В первую очередь, обращает на себя внимание тот факт, что в отличие от Второй редакции, в которой встреча с Федельм происходит после того, как Медб получает относительно благоприятное пророчество от своего друида, в Книге Бурой коровы говорится, что войска долгое время не могли выступить, потому что друиды и прорицатели ждали
Рис. 13. Бронзовая статуэтка жрицы, судя по костюму – участницы обряда жертвоприношения. I в. до н. э., Британия
для этого какого–нибудь доброго знака (Ocus n'is teilcset a f'athi 7 a ndru'id ass sein co cend c'oicthigis oc irnaidi sh'eoin [TBC 1976, 1, 22—3] – "И не позволяли их пророки и их
друиды идти до того времени, пока не дождутся знамения"). Наконец, возница королевы Медб предлагает ей совершить нечто вроде «искусственного знамения» – сделать круг на колеснице в правую сторону (традиционное «счастливое» направление, букв. deisel ’от солнца’, ср. «в ирландском языке dessel означает направление „по солнцу“ или „направо“, а также имеет вторичное значение „удача, благоприятное положение“, причем аналогичное значение наблюдается и в других кельтских языках» [Forsyth 1995, 683]). Сразу после этого на зеленом лугу прямо перед Медб возникает незнакомая девушка, называющая себя «пророчицей», и, что естественно, королева обращается к ней с просьбой, видимо, не столько о предречении, сколько о благословении похода против уладов. Ввиду отсутствия встречи с друидом, слова Федельм оказываются гораздо более нагруженными функционально – теперь от нее зависят и судьба похода, и участь самой Медб. Но «текст» пророчества в обеих редакциях практически идентичен.

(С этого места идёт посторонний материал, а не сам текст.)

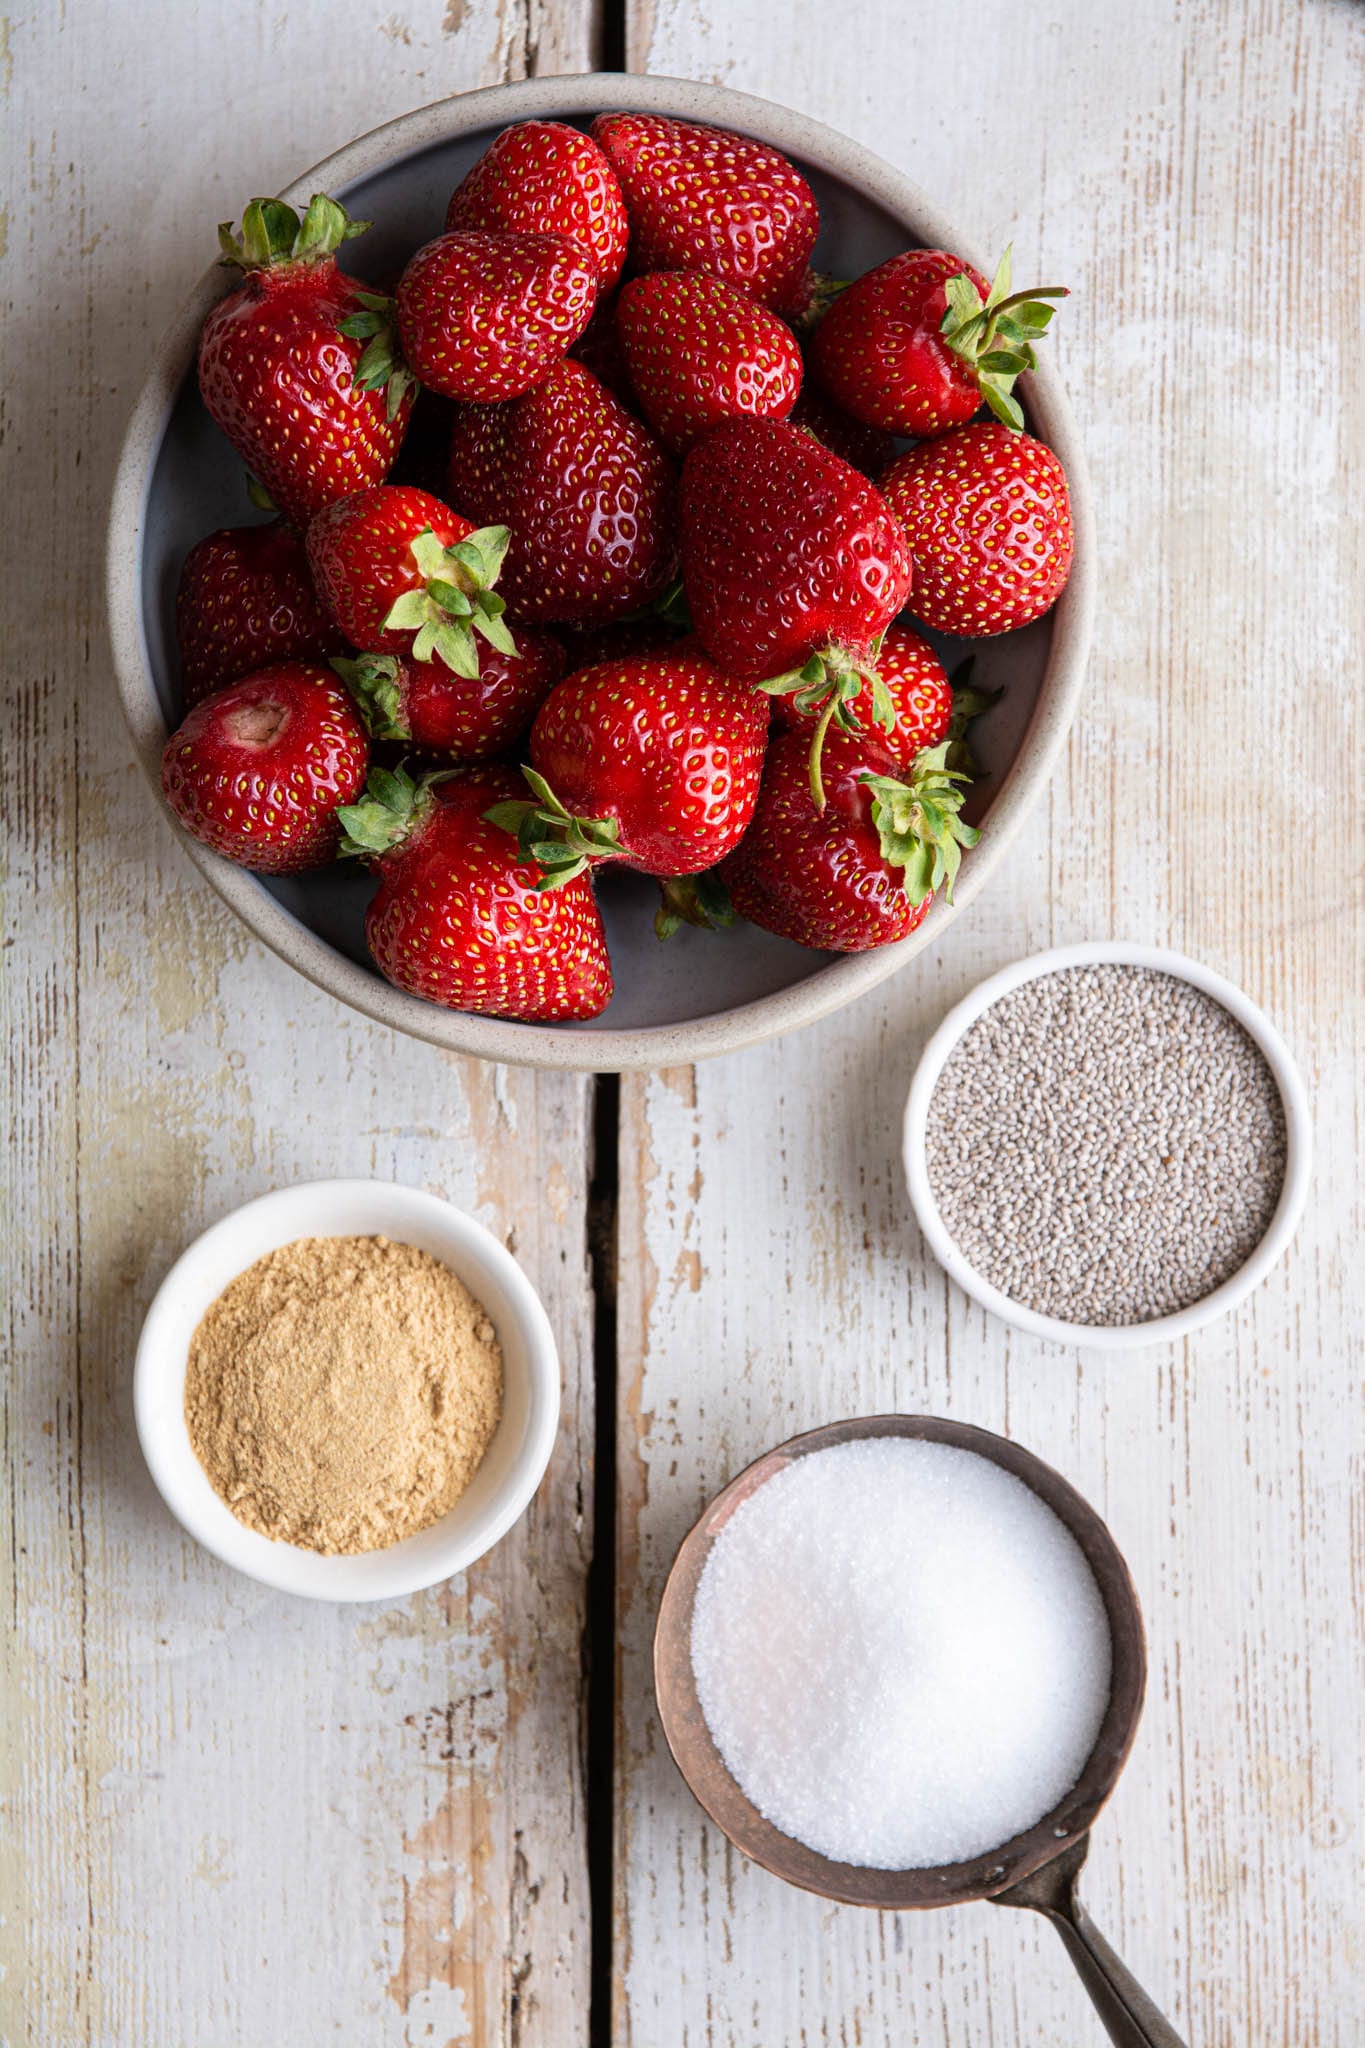 Let’s make an easy strawberry sauce using fresh strawberries. All you need is a blender and 3-4 ingredients. This sauce is ideal for pancakes, crepes, waffles, cheesecake, pound cake, ice cream, and other desserts. 
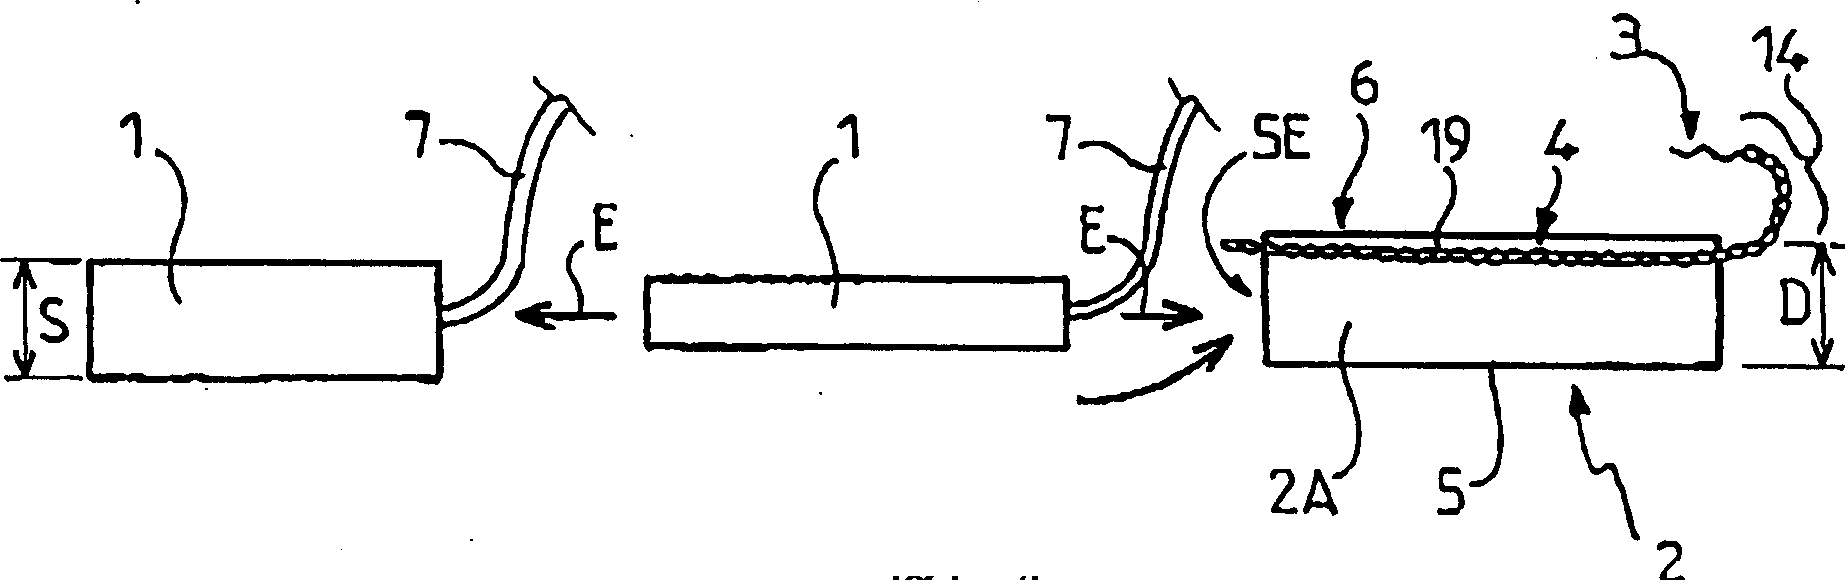 Kit for the insertion of an intragastric implant, case for inserting such an implant, and corresponding production method

На первый взгляд, в обеих редакциях изображены и совершенно одинаковые прекрасные девушки, причем их описания совпадают иногда даже в таких деталях, как, например, губы «парфянской кожи» или сложная прическа, при которой три пряди волос (в LU – две) уложены вокруг головы, а еще одна спадает до колен. Почти дословно совпадают в обеих редакциях и упоминания о странном предмете, который Федельм держит в руке (в LL отмечено, что в правой) – claideb corthaire ’ устройство для прядения’ (?) из белой бронзы, при помощи которого она прядет золотую бахрому. Однако в описании внешности девушки в Первой редакции обращает на себя внимание странная деталь, во второй редакции отсутствующая: отмечено, что в каждом глазу у нее по три зрачка (Tr'i meic imlisse cechtar a d'a s'ula – букв. «Три сына наблюдения в каждом из двух ее глаз» [TBC 1976, 2, 38—39]). Данный мотив для ирландской нарративной традиции может быть назван достаточно традиционным (см. [Cross 1969, F541.3]), однако однозначной интерпретации этот феномен не поддается, поскольку несколькими зрачками могут обладать совершенно разные персонажи. Так, семь зрачков (три в одном глазу и четыре – в другом) было у Кухулина, а также три зрачка было у одноглазого великана Ингкела из саги Разрушение Дома Да Дерга (см. [Предания и мифы… 1991, 109]). На поверхностном уровне, как кажется, обилие зрачков может интерпретироваться как знак способности лучше видеть, причем – видеть нечто, что находится за пределами обыденного зрительного восприятия. В нашем случае – предположительно, видеть будущее, что согласуется с функцией прорицательницы, которой обладает в саге Федельм.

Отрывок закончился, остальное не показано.